* **Source data**
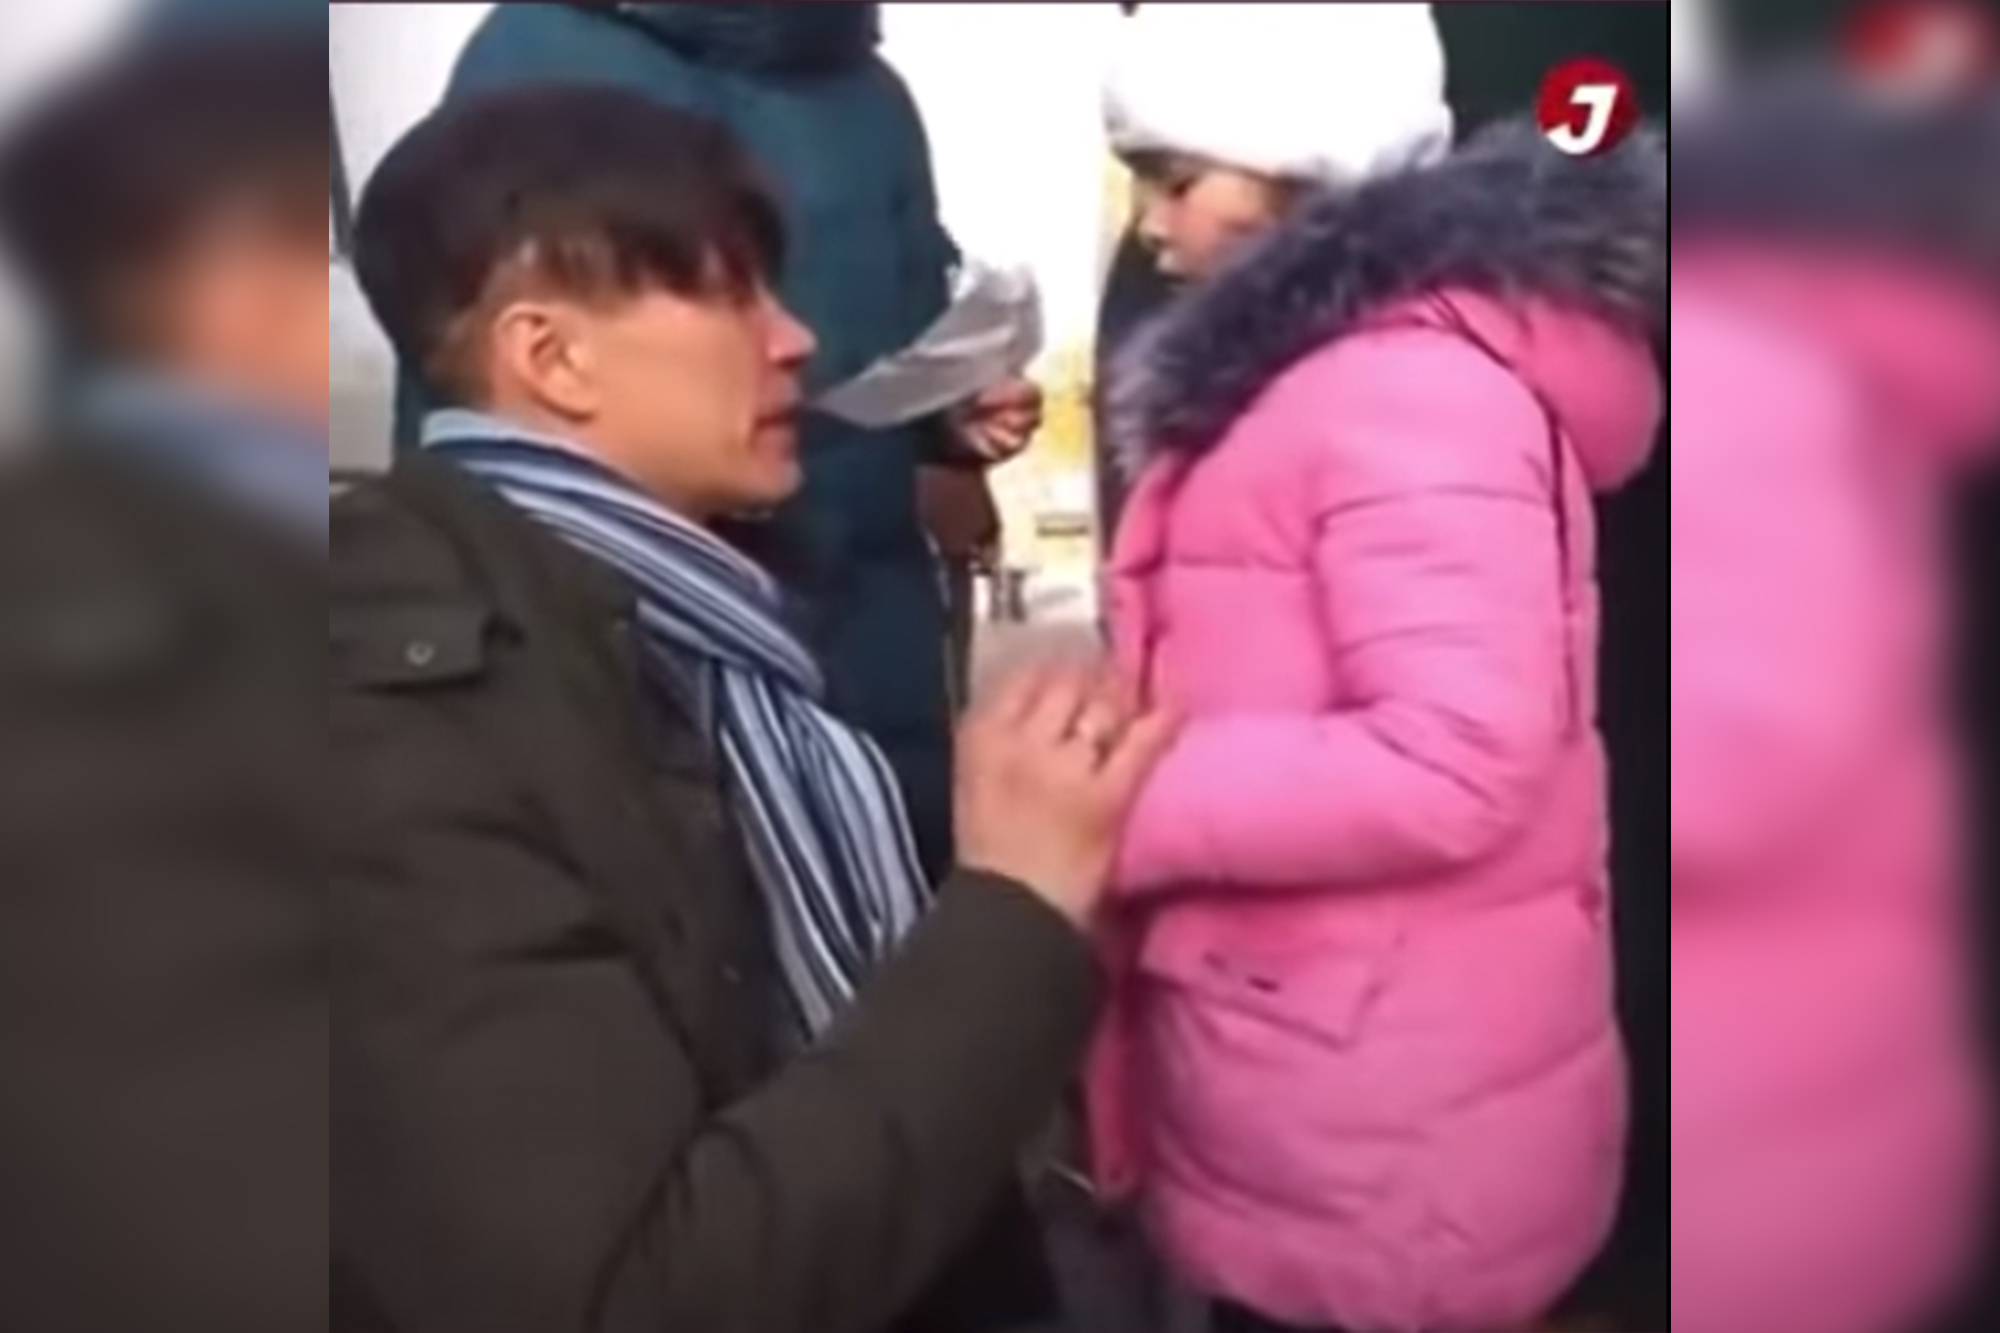 Chiến sự Ukraine: Video ông bố bật khóc tiễn con gái nhỏ đi sơ tán khiến nhiều người xúc động - Ảnh 4.
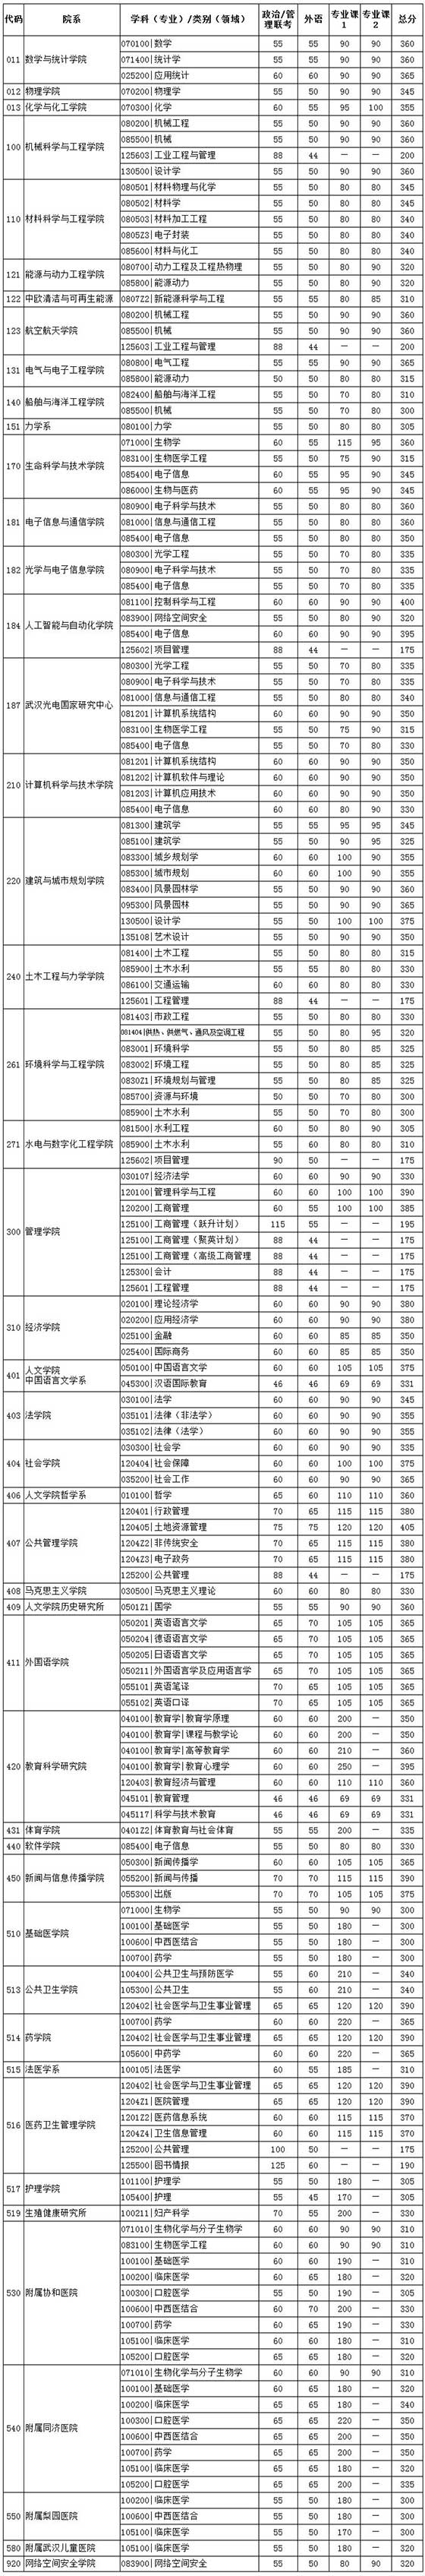 华中科技大学2020研究生复试分数线.jpg
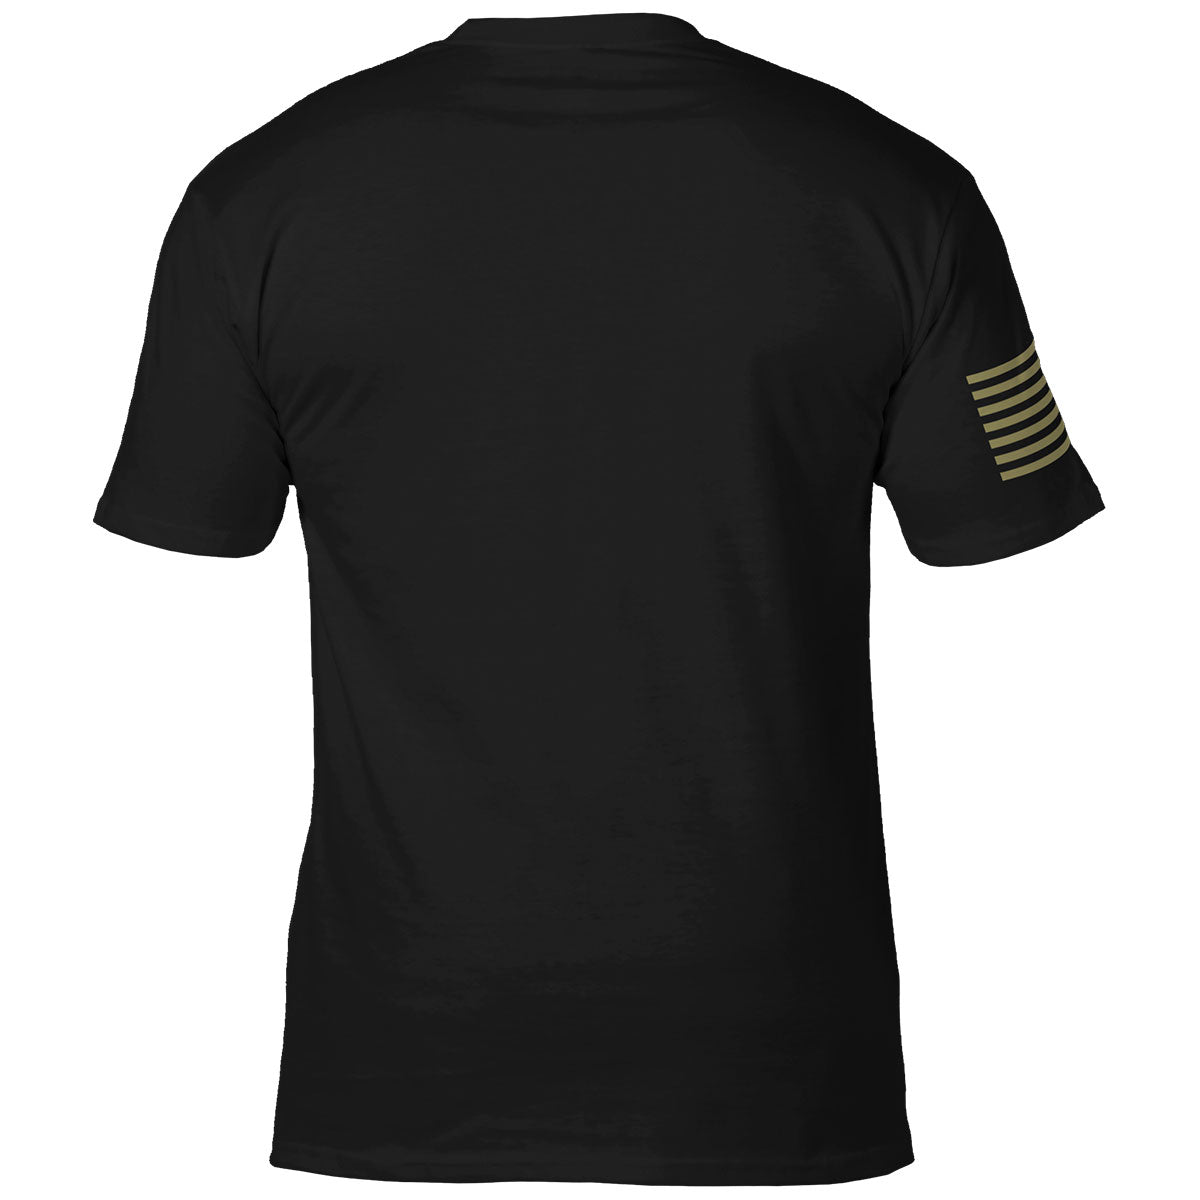 MAS Design Co Cbj Cannon T-Shirt

* **Task objective**
Output the material above exactly as written and drop any images it holds.

* **Exercise response**
 Chiến sự Ukraine: Video ông bố bật khóc tiễn con gái nhỏ đi sơ tán khiến nhiều người xúc động - Ảnh 4.
 华中科技大学2020研究生复试分数线.jpg
 MAS Design Co Cbj Cannon T-Shirt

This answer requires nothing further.